The url is: https://www.cartier.com/en-gb/love-bracelet-small-model_cod25372685655708131.html#dept=EU_Love
The part of the source page I am interested in is the following (I guess):
<script type="application/ld json">
[{
"@context":"http://schema.org",
"@type":"Product",
"productID":"25372685655708131",
"name":"LOVE bracelet, small model",
"description":"#LOVE# bracelet, small model, yellow gold 750/1000. Supplied with a screwdriver. Width: 3.65 mm (for size 17). Now available in a slimmer version, Cartier continues to write the story of the #LOVE# bracelet. Same design, same oval shape, same story: a timeless – yet slightly slimmer – creation which is fastened using a screwdriver. The closure is designed with a functional screw on one side of the bracelet and a hinge on the other.

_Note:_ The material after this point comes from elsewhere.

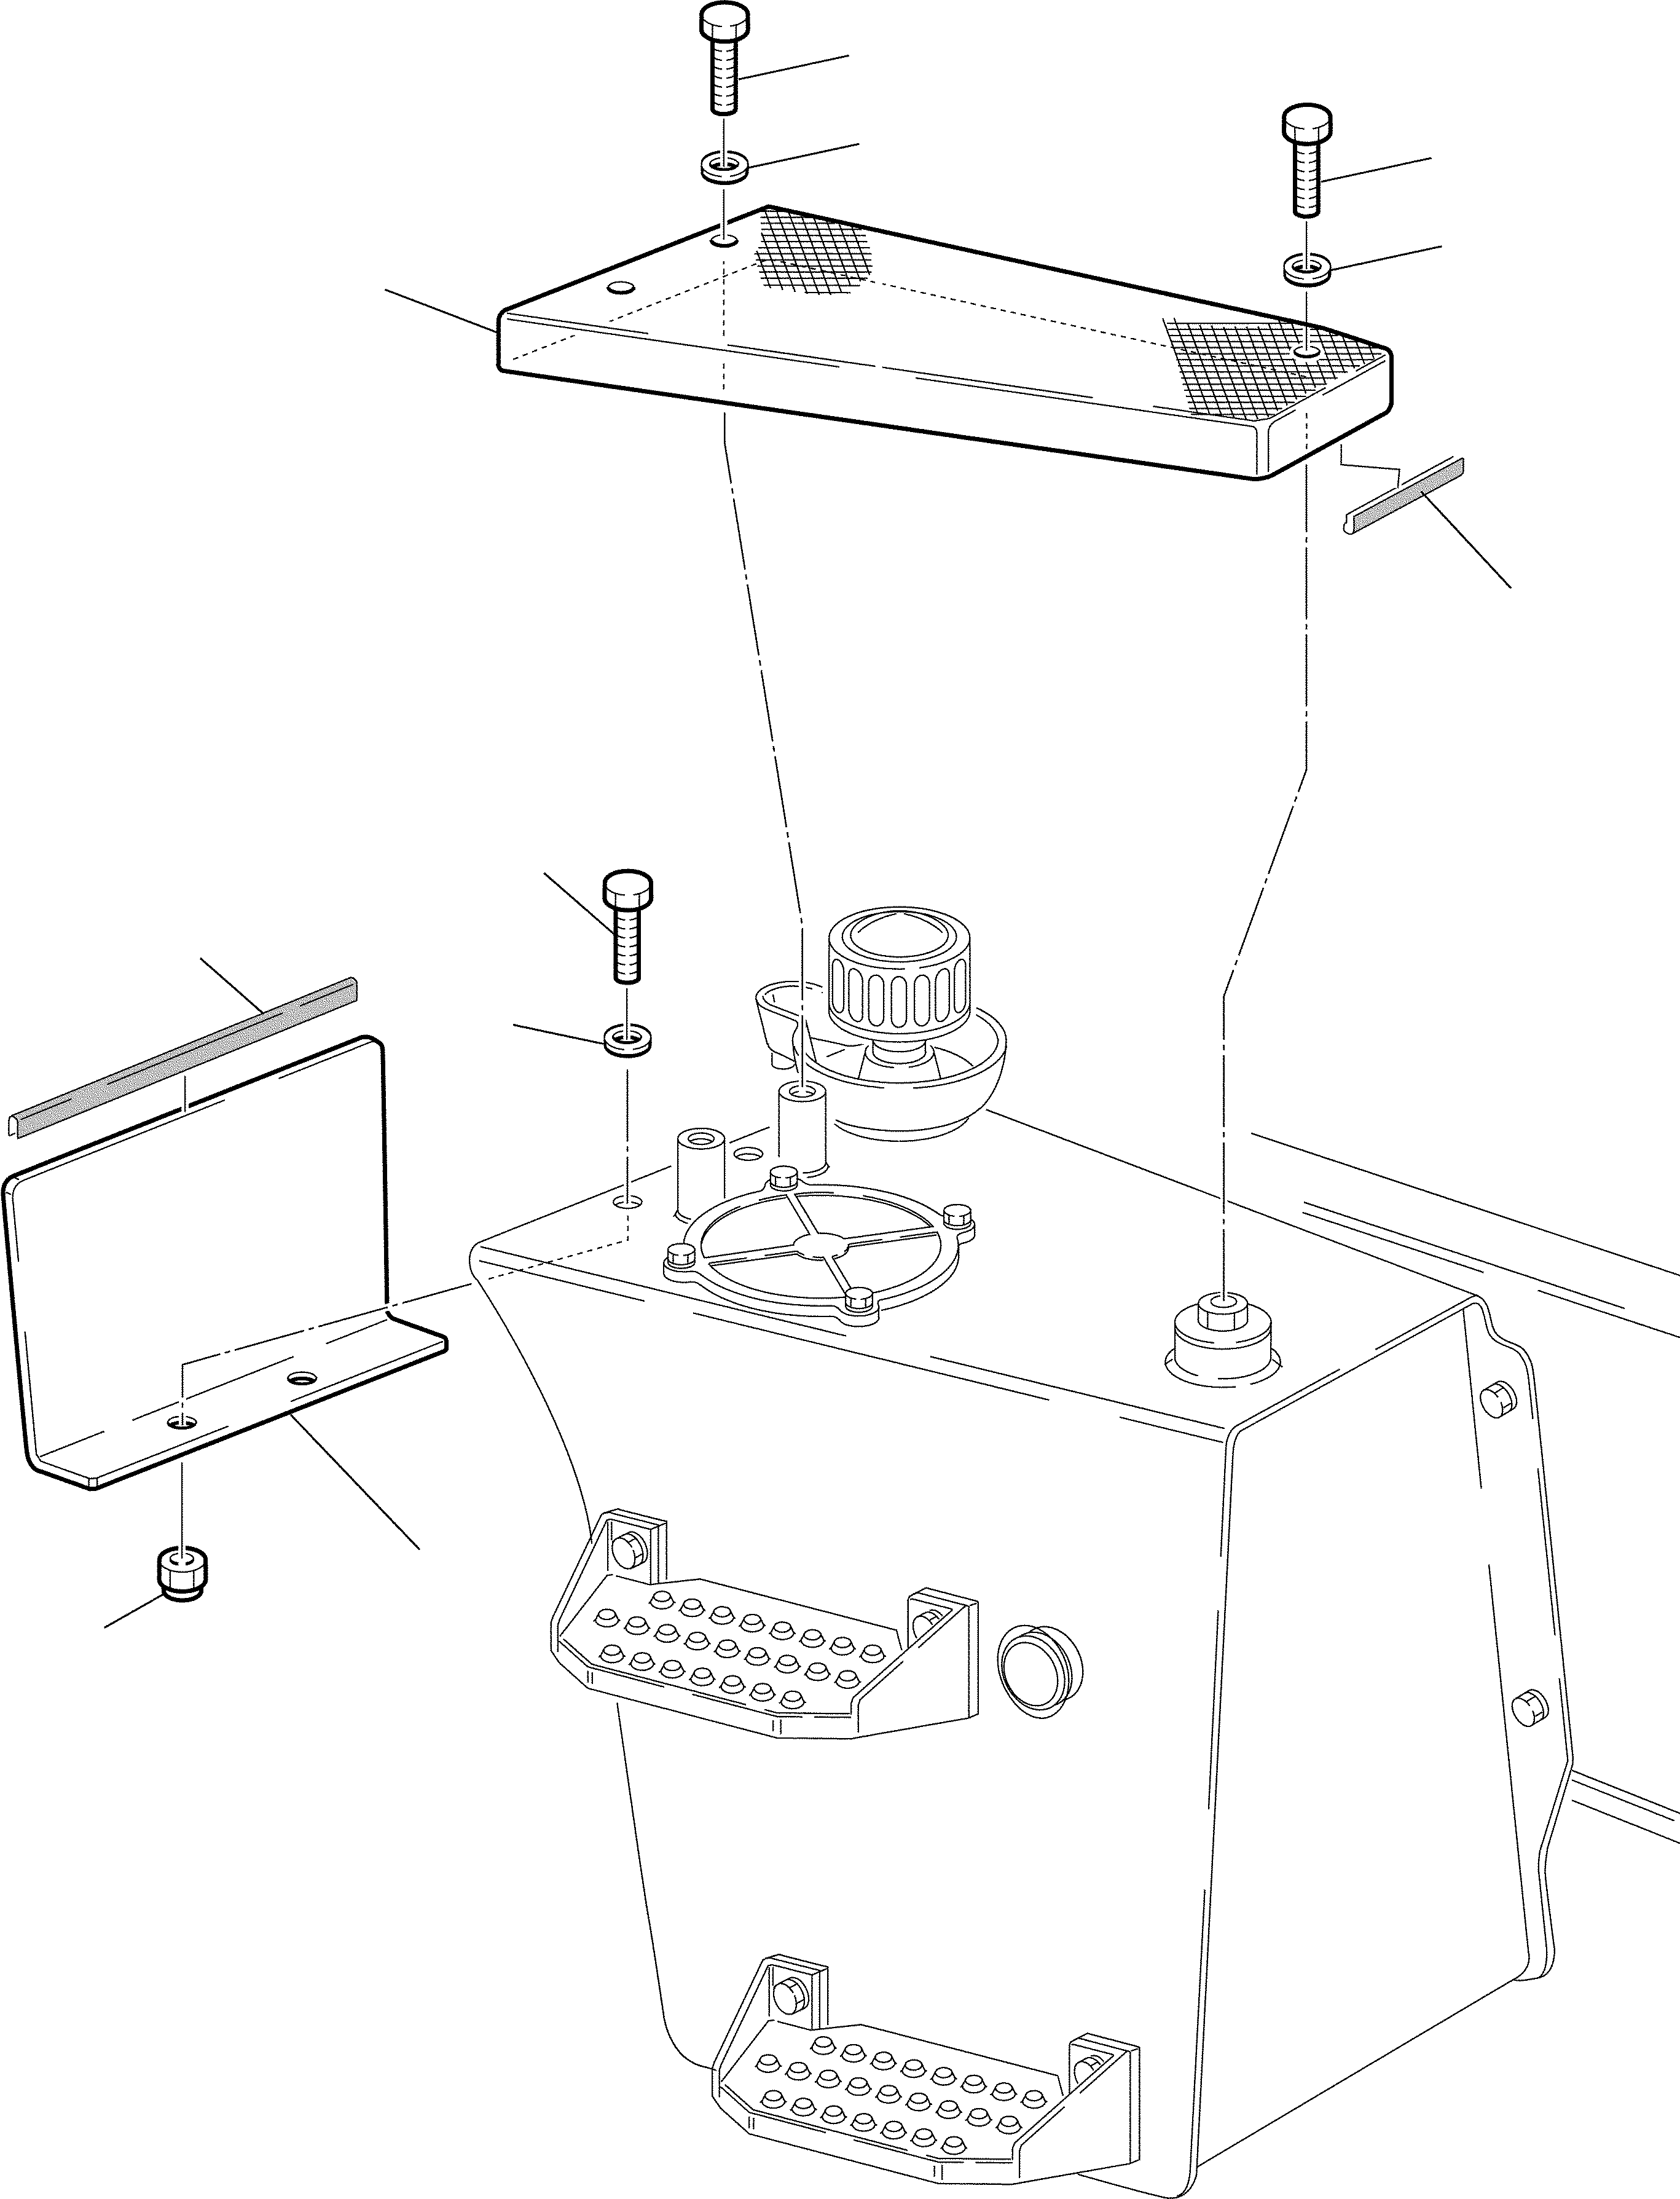 2. FLOOR BOARD HYDRAULIC TANK [6010] - Komatsu part WB97S-2 S/N 97SF11205-Up [wb97s_2c]

To determine the size of your #LOVE# bracelet, measure your wrist, adding one centimetre to your size for a tighter fit, or two centimetres for a looser fit.",
"image":["https://www.cartier.com/variants/images/25372685655708131/img1/w960.jpg"],
"offers":
[{"@type":"Offer","availability":"http://schema.org/InStock","priceCurrency":"GBP","price":"4100","sku":"0400574782829","url":"https://www.cartier.com/en-gb/love-bracelet-small-model_cod25372685655708131.html"}]}]
</script>
I have tried the following steps:
import json
from bs4 import BeautifulSoup
import requests
from multiprocessing import Pool
import pandas as pd
data = {'url':[],'offers_price':[]}
def get_price(url):
soup = BeautifulSoup(requests.get(url, headers={'User-Agent': 'Mozilla/5.0'}).content, "html.parser")
data = json.loads(soup.find_all('script', {'type': 'application/ld json'})[-1].get_text())
return url, int(data['offers']['price'])
if __name__ == '__main__':
urls = ['https://www.cartier.com/en-gb/love-bracelet-small-model_cod25372685655708131.html#dept=EU_Love']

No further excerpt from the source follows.